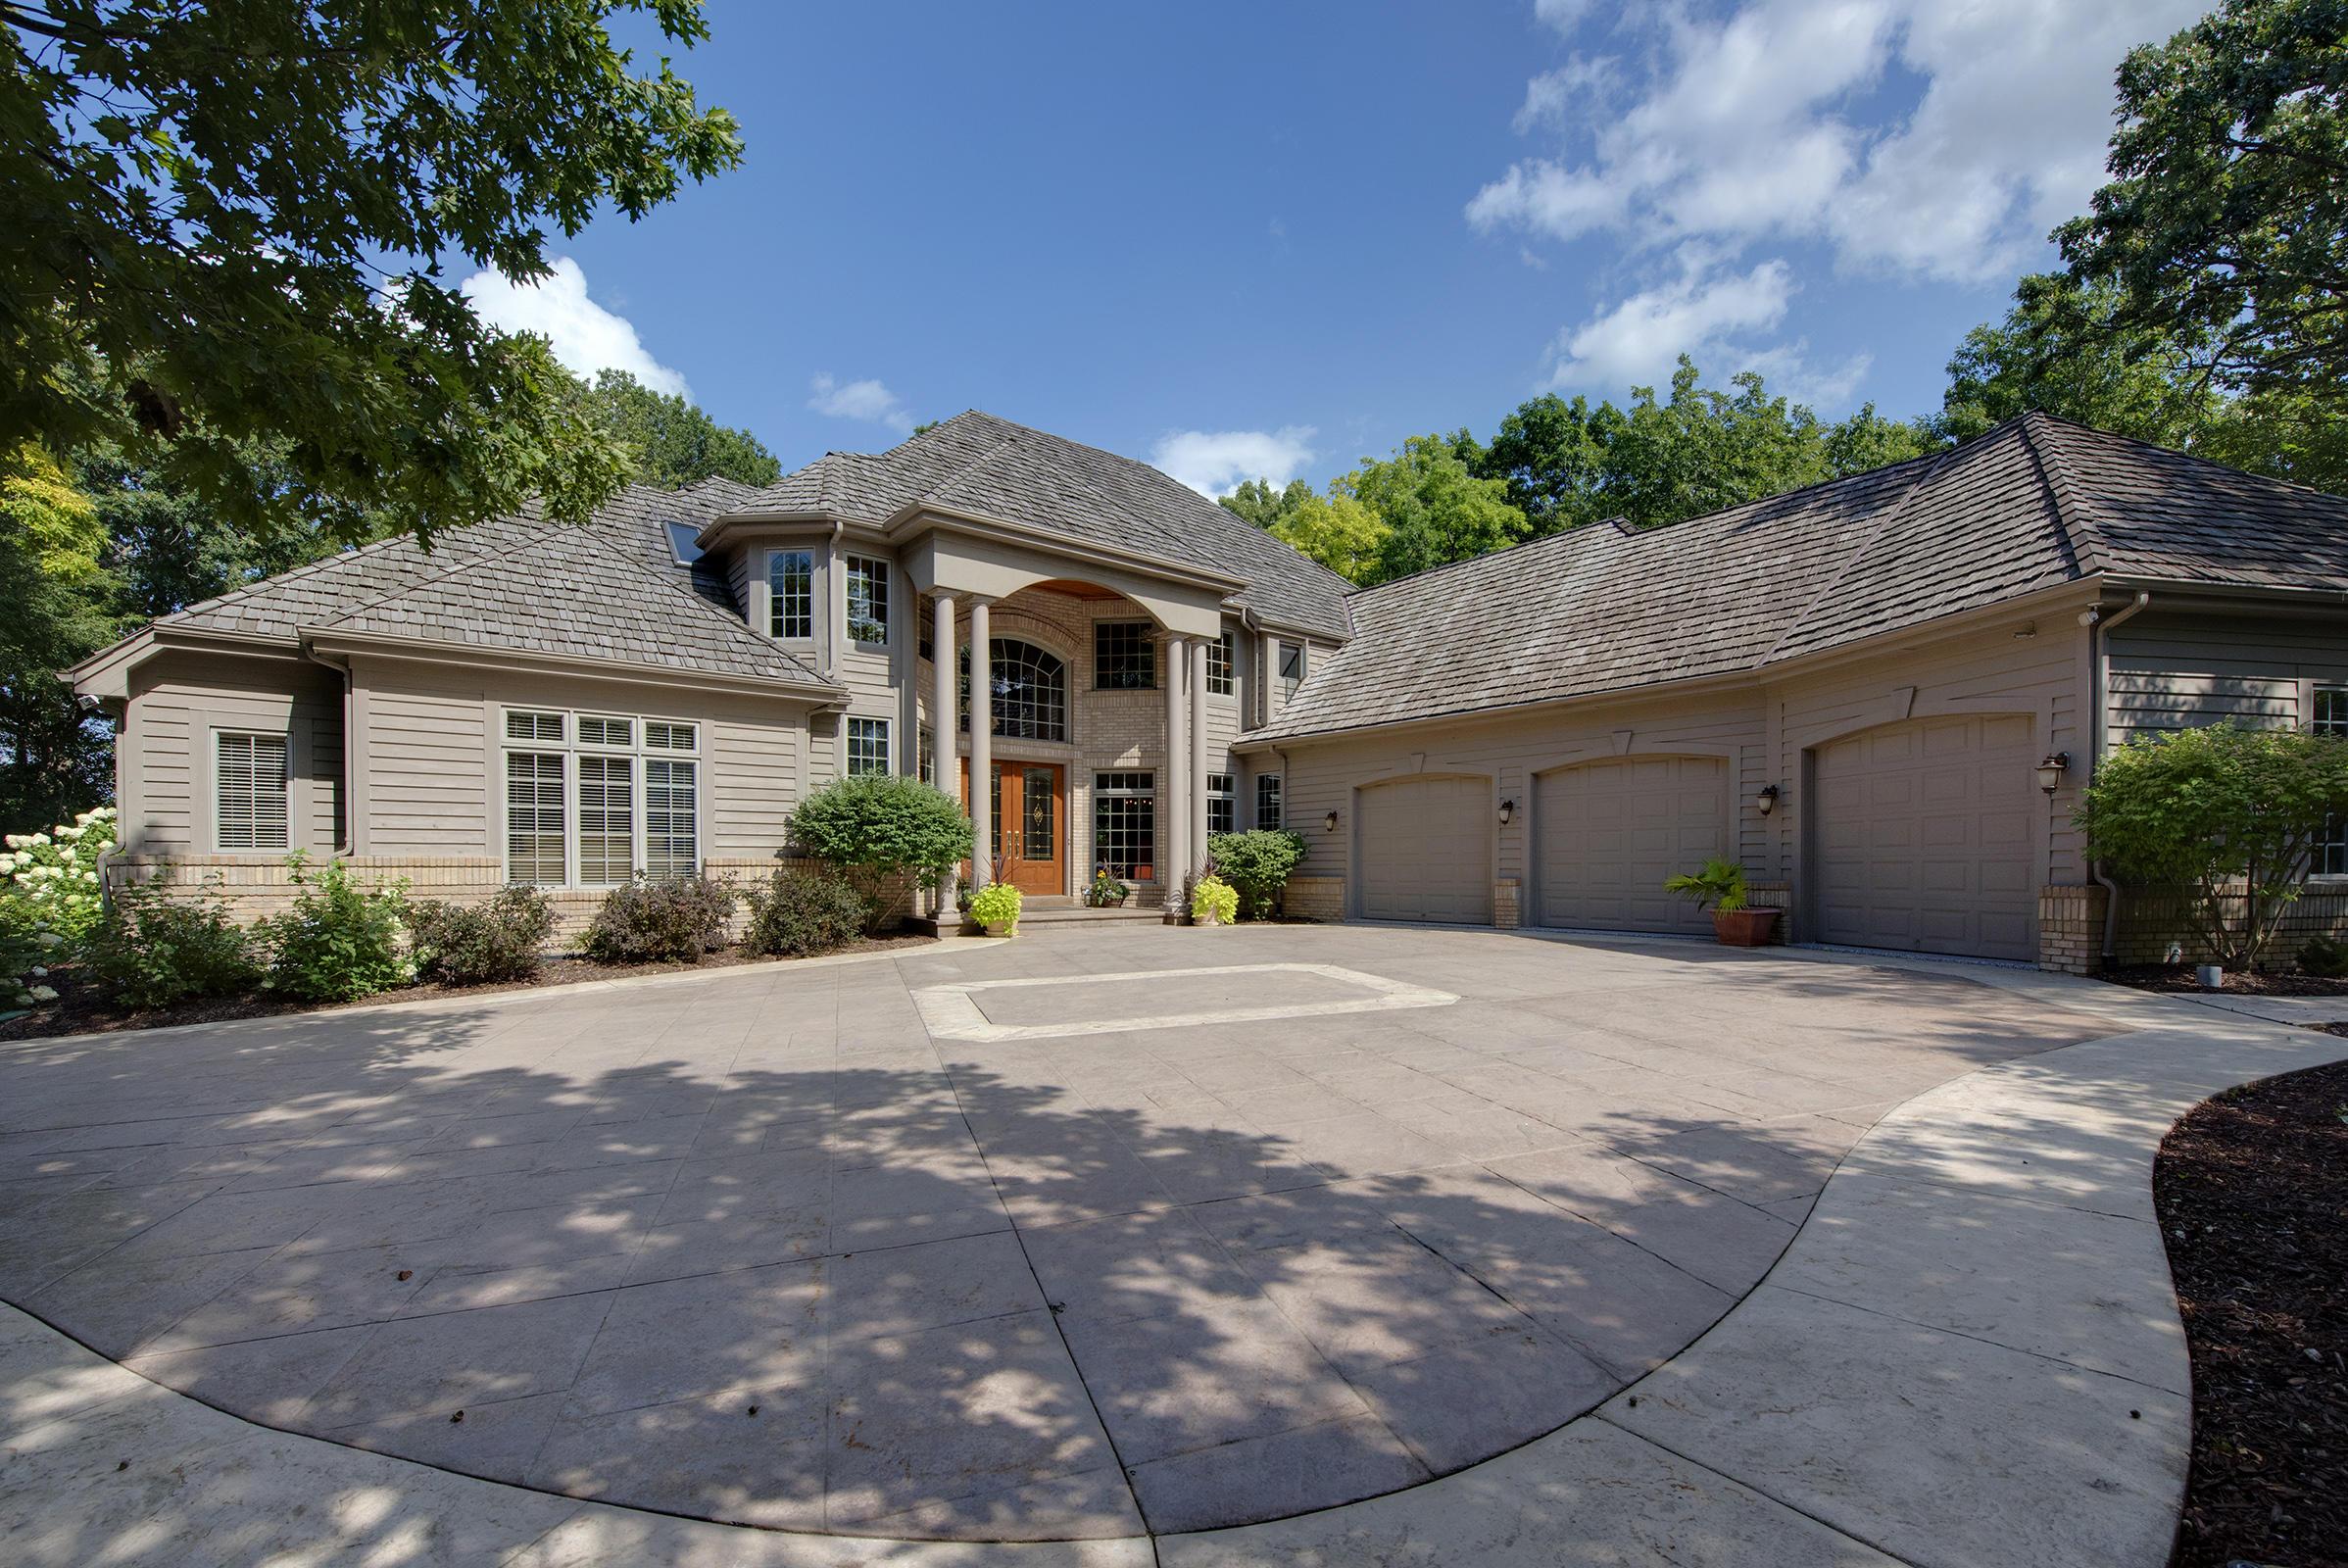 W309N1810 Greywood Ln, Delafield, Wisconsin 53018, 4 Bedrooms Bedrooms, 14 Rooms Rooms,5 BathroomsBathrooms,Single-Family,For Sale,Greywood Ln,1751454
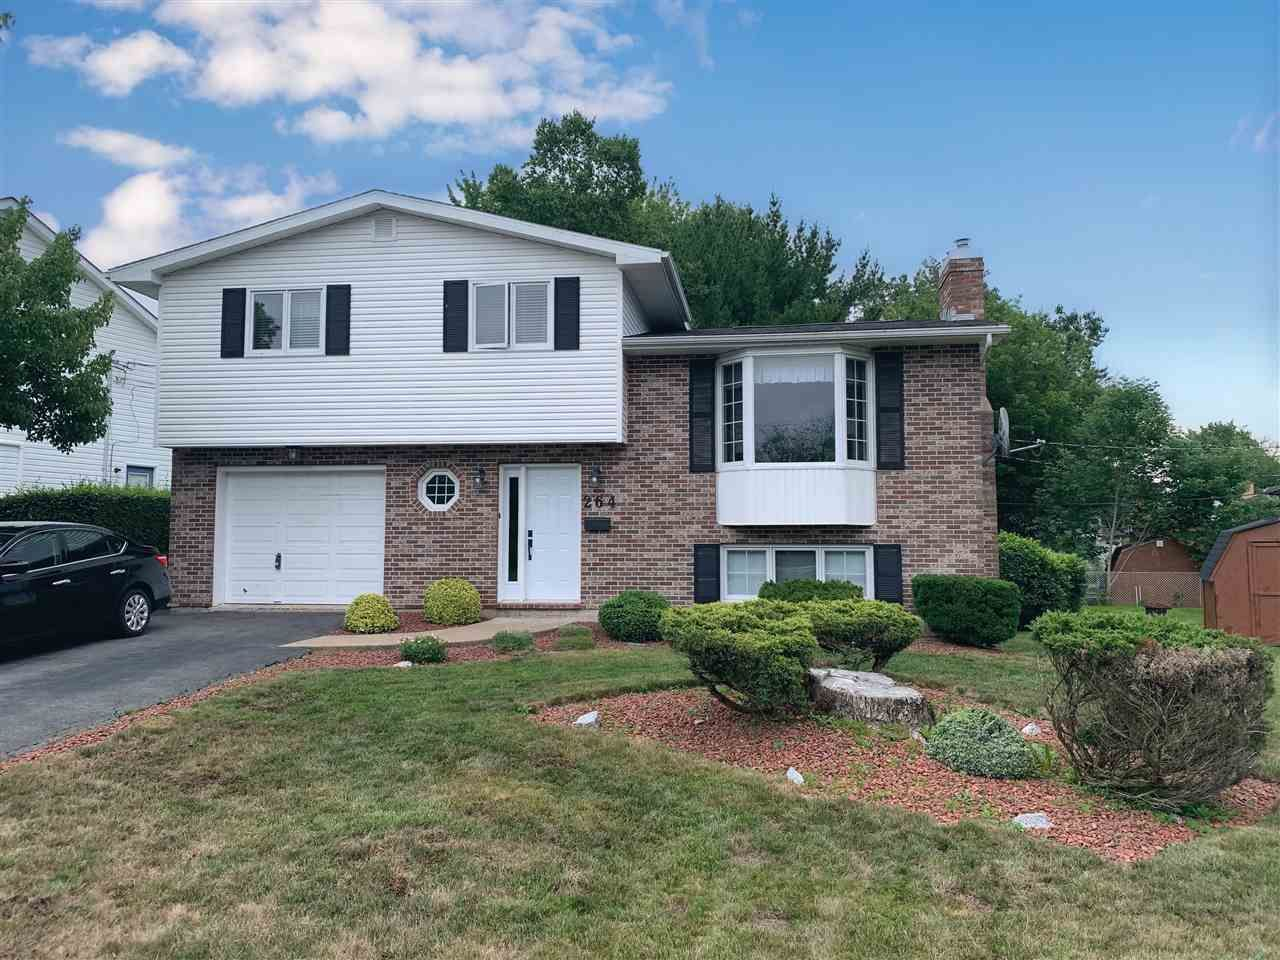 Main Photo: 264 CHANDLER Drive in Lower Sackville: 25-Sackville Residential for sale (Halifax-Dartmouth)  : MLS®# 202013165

-*-

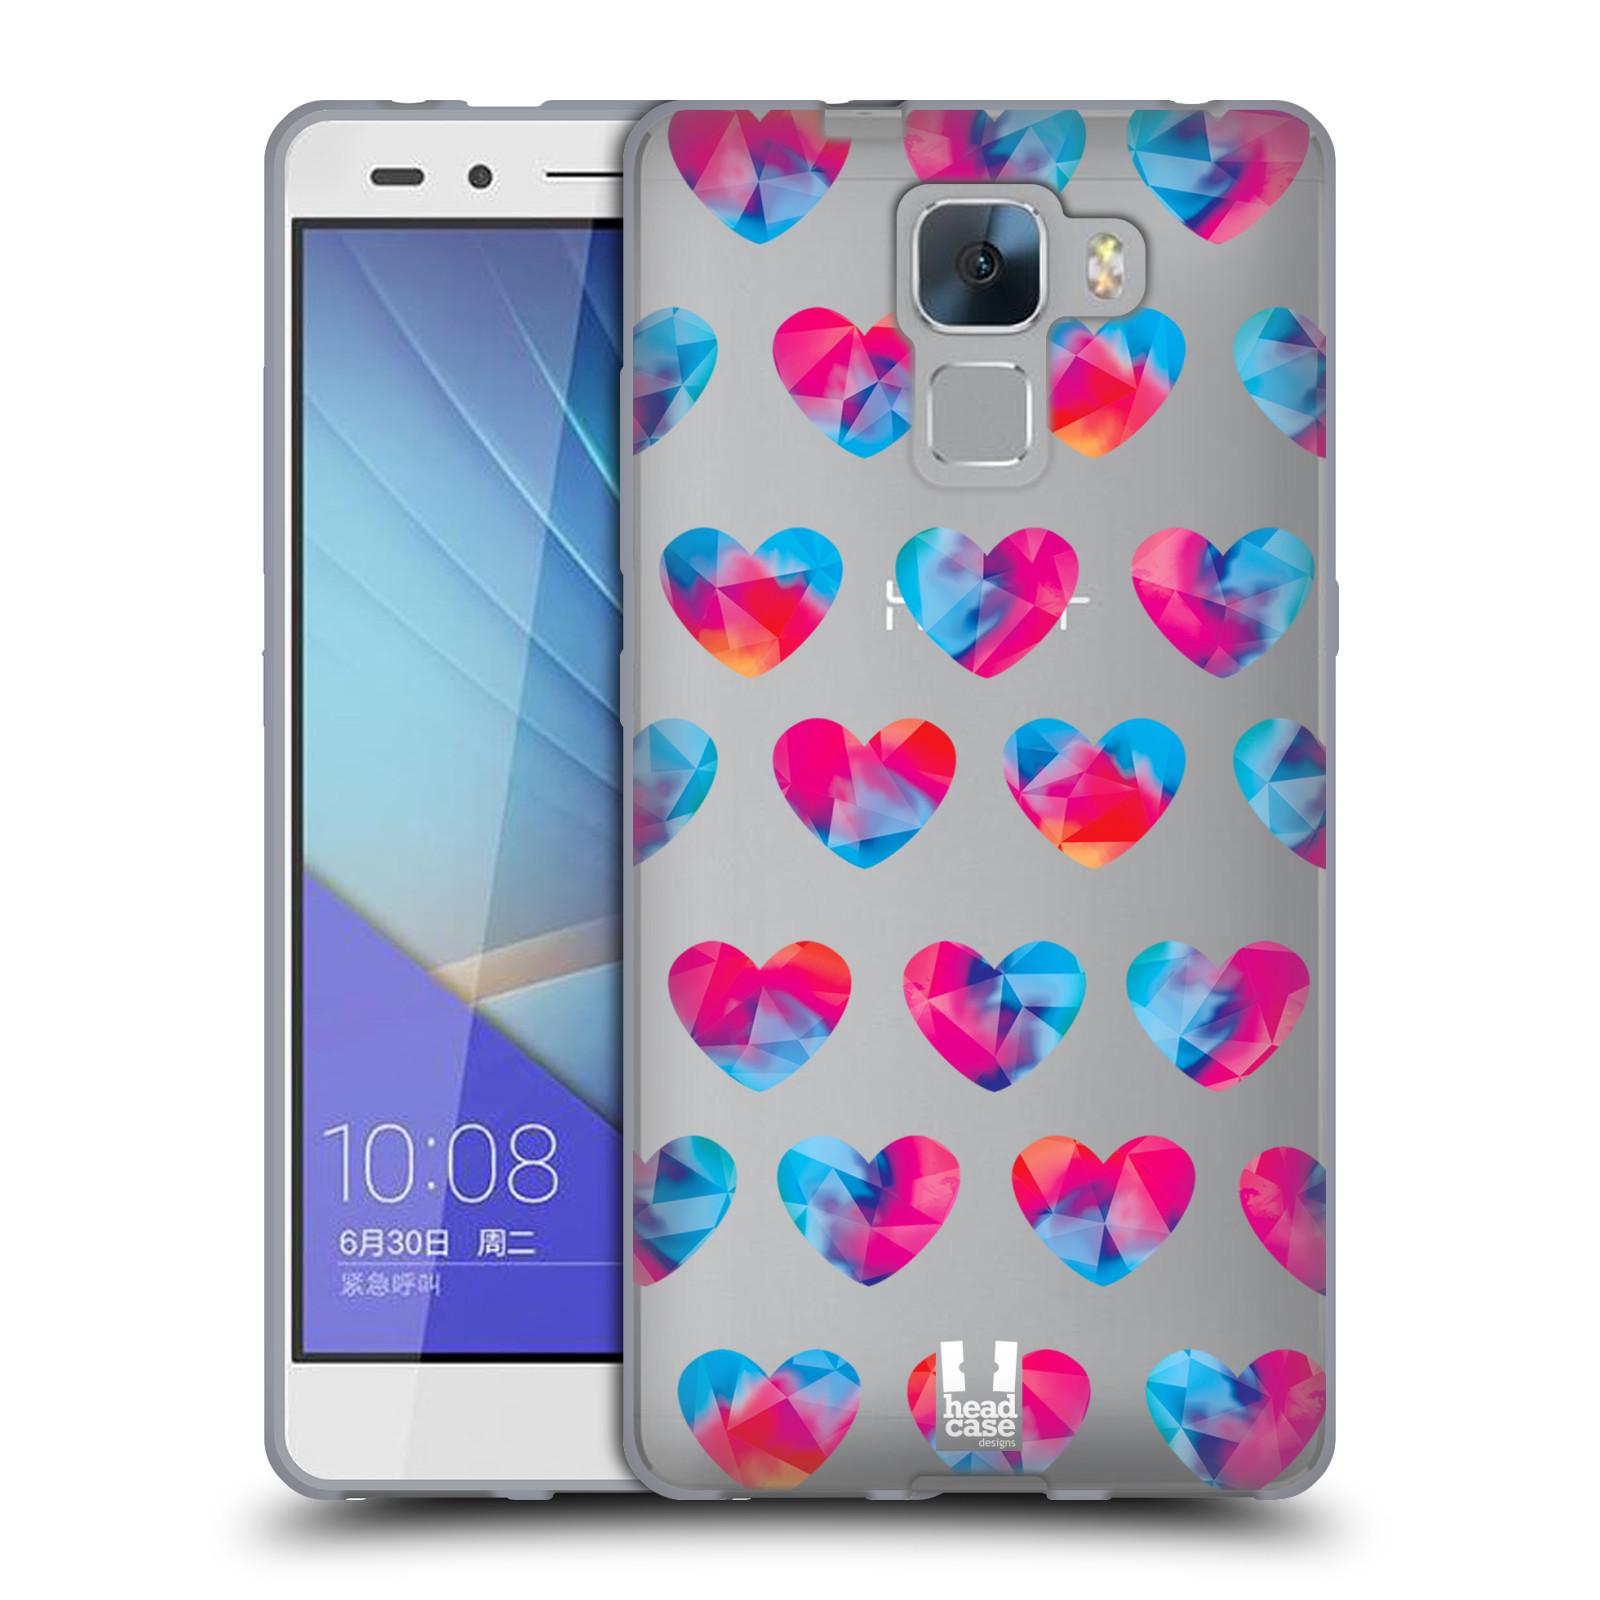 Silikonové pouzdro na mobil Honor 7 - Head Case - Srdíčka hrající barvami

-*-

Output exactly the lines of the listing above that start with the one holding "W309N1810 Greywood Ln, Delafield, Wisconsin" and go on through the one holding "Main Photo: 264"; leave the pictures out.

Task answer —
 W309N1810 Greywood Ln, Delafield, Wisconsin 53018, 4 Bedrooms Bedrooms, 14 Rooms Rooms,5 BathroomsBathrooms,Single-Family,For Sale,Greywood Ln,1751454
 Main Photo: 264 CHANDLER Drive in Lower Sackville: 25-Sackville Residential for sale (Halifax-Dartmouth)  : MLS®# 202013165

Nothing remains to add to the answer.